Auf der anderen Seite erhöht die Erholung des OPEC-Angebots den Abwärtsdruck auf die Ölpreise. Die Rohölförderung der OPEC stieg im Juli im Vergleich zum Vormonat um etwa 1,17 Millionen Barrel pro Tag auf 19,85 Millionen Barrel pro Tag, was primär auf die Wiederherstellung des Angebots von Ölförderländern wie dem Irak, Kuwait und dem Iran zurückzuführen ist. Unterdessen hat die OPEC+ beschlossen, die Förderquoten im September um weitere rund 188.000 Barrel pro Tag zu erhöhen und damit das Auslaufen der vorherigen freiwilligen Kürzungen von 1,65 Millionen Barrel pro Tag abzuschließen. Rystad Energy geht davon aus, dass sich das Problem für die OPEC+ in der nächsten Phase mit der allmählichen Erholung der Exporte von Lieferunterbrechungen hin zum Management eines potenziellen Überangebots verlagern wird.
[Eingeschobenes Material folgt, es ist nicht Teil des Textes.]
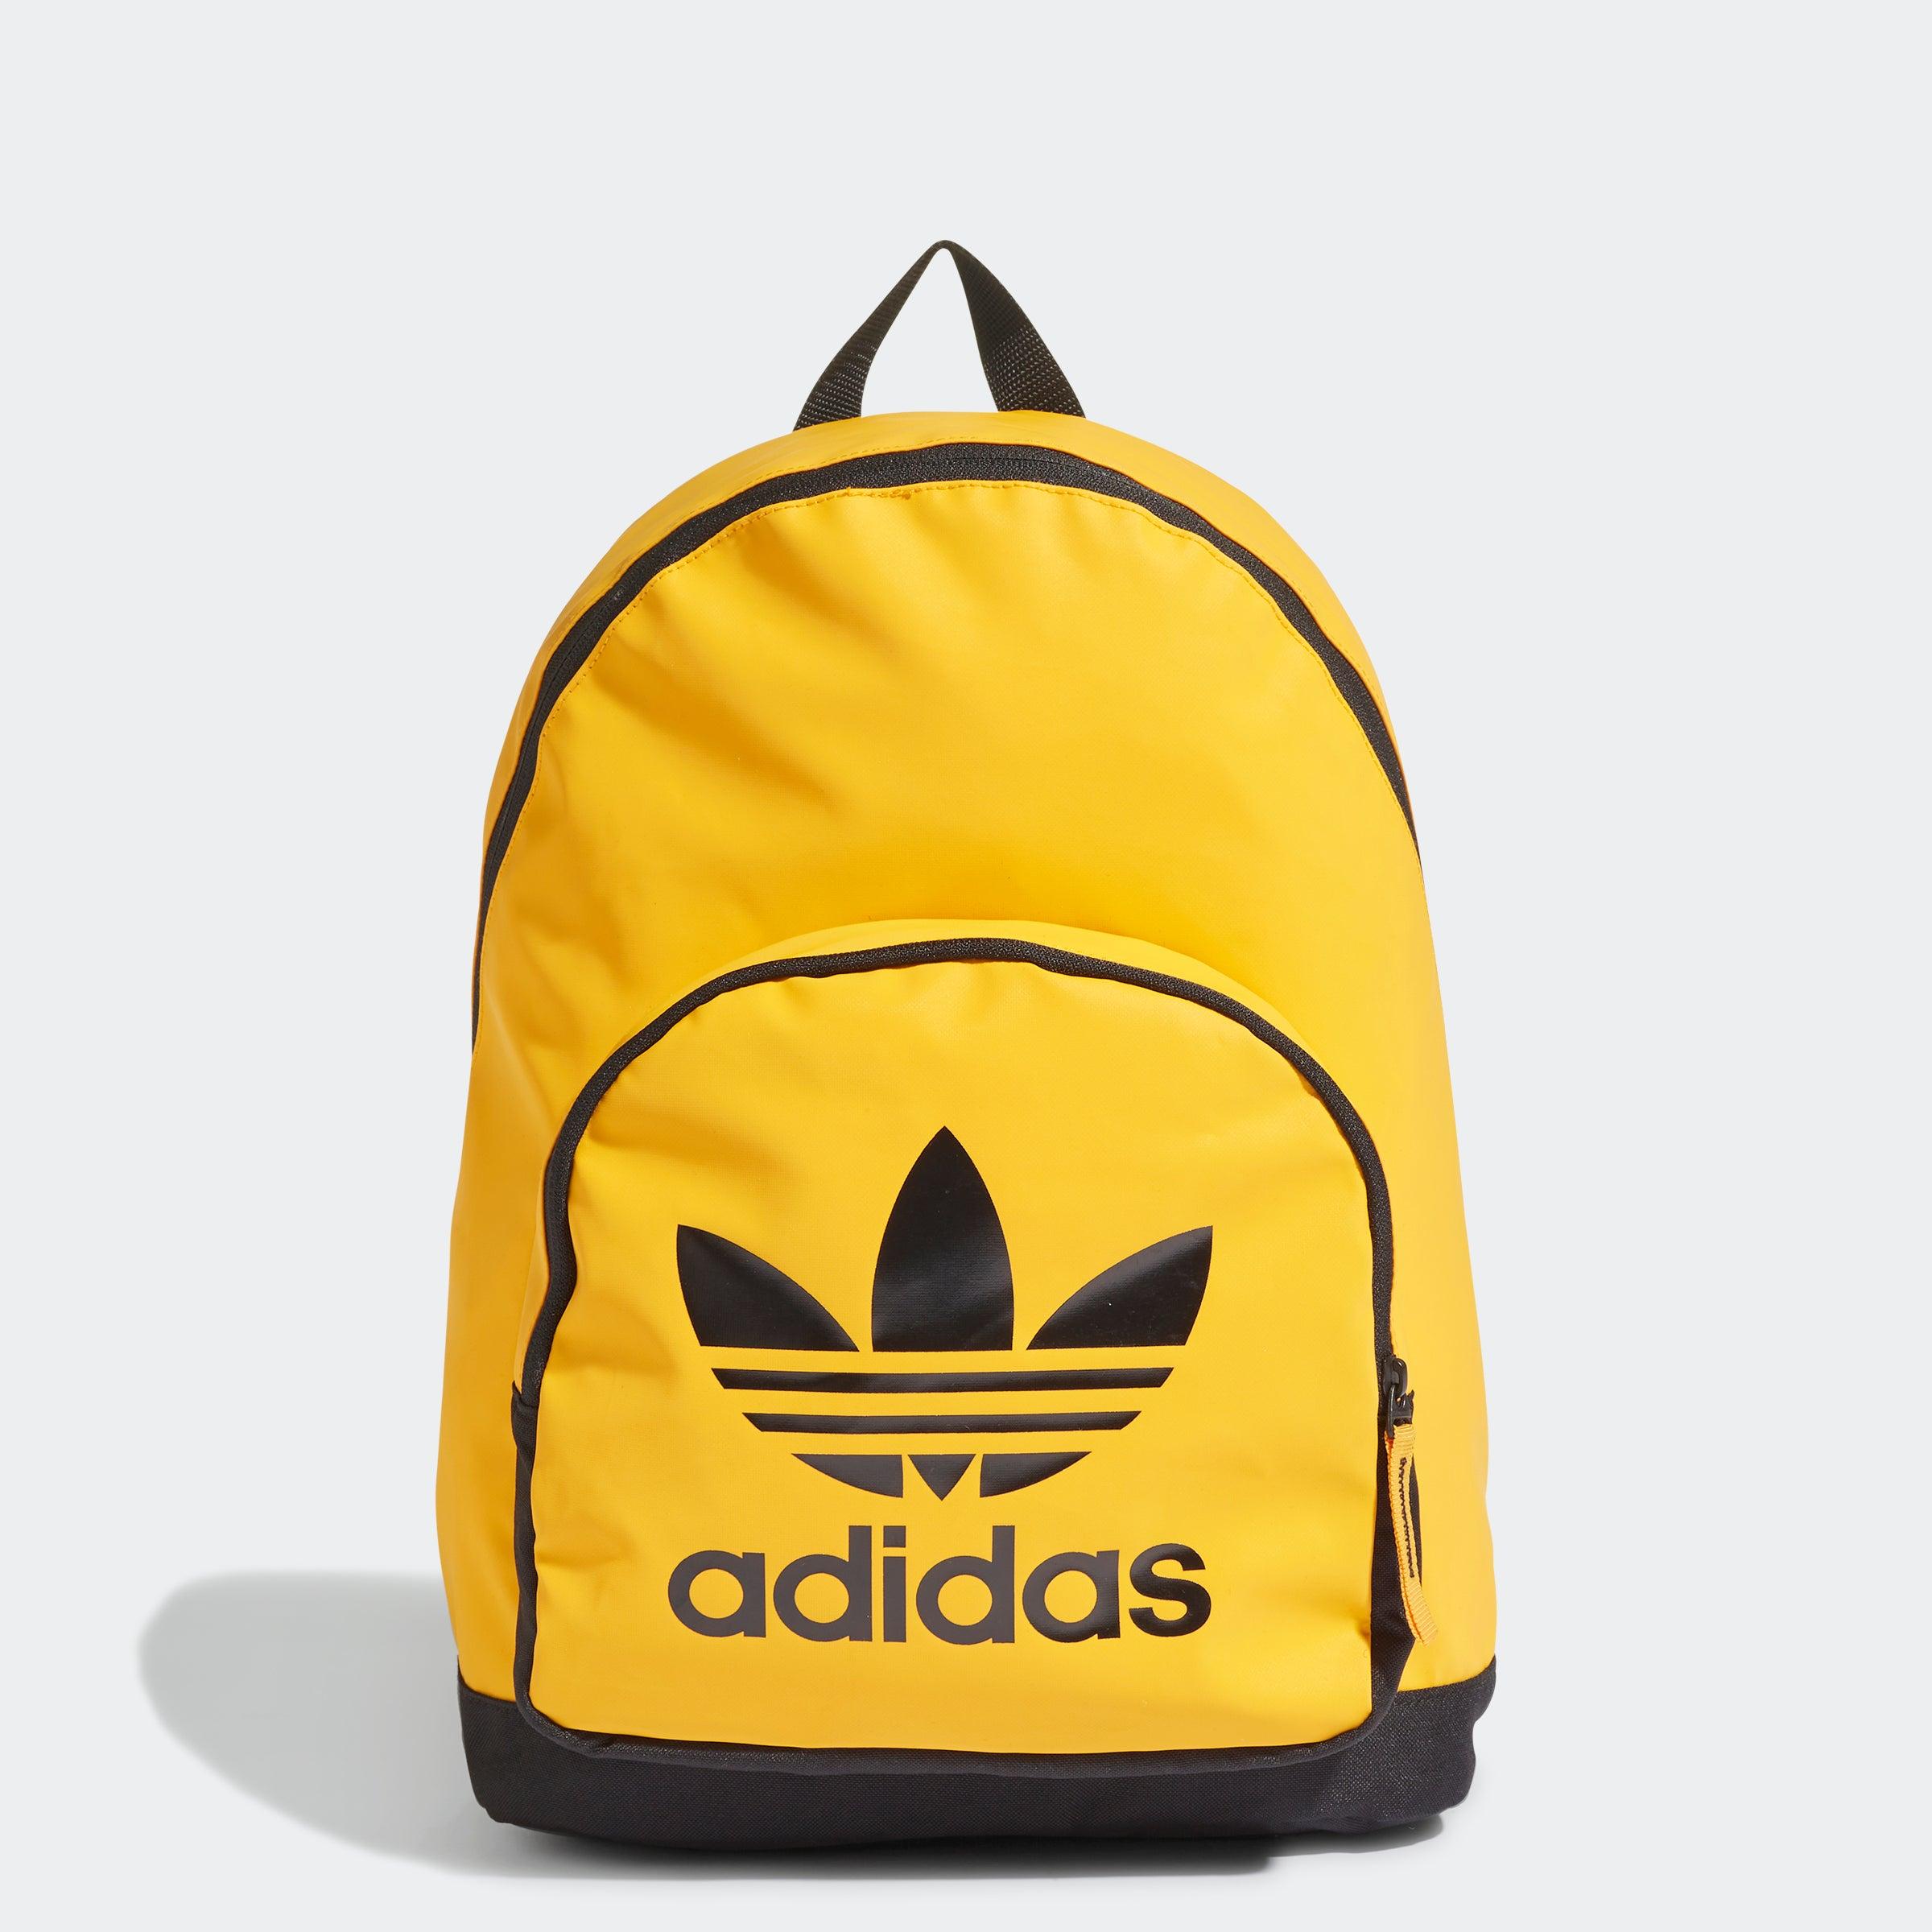 Originals | Backpack Yellow Lyst Adicolor Archive in for adidas Men

Technische Analyse des WTI-Rohölpreises

Tageschart des WTI-Rohölpreises, Quelle: TradingView
Mit Blick auf den Tageschart der WTI-Rohölpreise erholten sich die Ölpreise zuvor rasch aus dem Bereich von 75 US-Dollar und stiegen zeitweise über 85 US-Dollar, stießen jedoch unterhalb der Widerstandsmarke von 87 US-Dollar wiederholt auf Widerstand. Zu Beginn dieser Woche durchbrachen die Ölpreise die kurzfristige Aufwärtsstruktur nach unten und brachen am Dienstag um über 4 % ein. Heute bewegten sie sich weiter in Richtung 80 US-Dollar, was darauf hindeutet, dass das kurzfristige Marktbild klar ins Bärische gedreht hat.
Derzeit liegt die wichtigste Unterstützung auf der Unterseite für die Ölpreise im Bereich von 80 bis 79 US-Dollar. Fallen die Ölpreise unter 79 US-Dollar, werden sie die Unterstützungsmarke von 75 US-Dollar weiter testen. Sollte diese Marke nicht halten, könnten die Ölpreise in Richtung der 70-Dollar-Marke fallen oder sogar das Juli-Tief von 67,04 US-Dollar testen.
Nach oben hin ist die Marke von 87 US-Dollar der wichtigste zu beobachtende Widerstand. Können die Ölpreise dieses Niveau durchbrechen und sich darüber behaupten, werden sie die Widerstandsmarke von 93 US-Dollar testen.
Dieser Inhalt wurde KI-übersetzt und von Menschen überprüft. Er dient nur zu Referenz- und Informationszwecken und stellt keine Anlageberatung dar.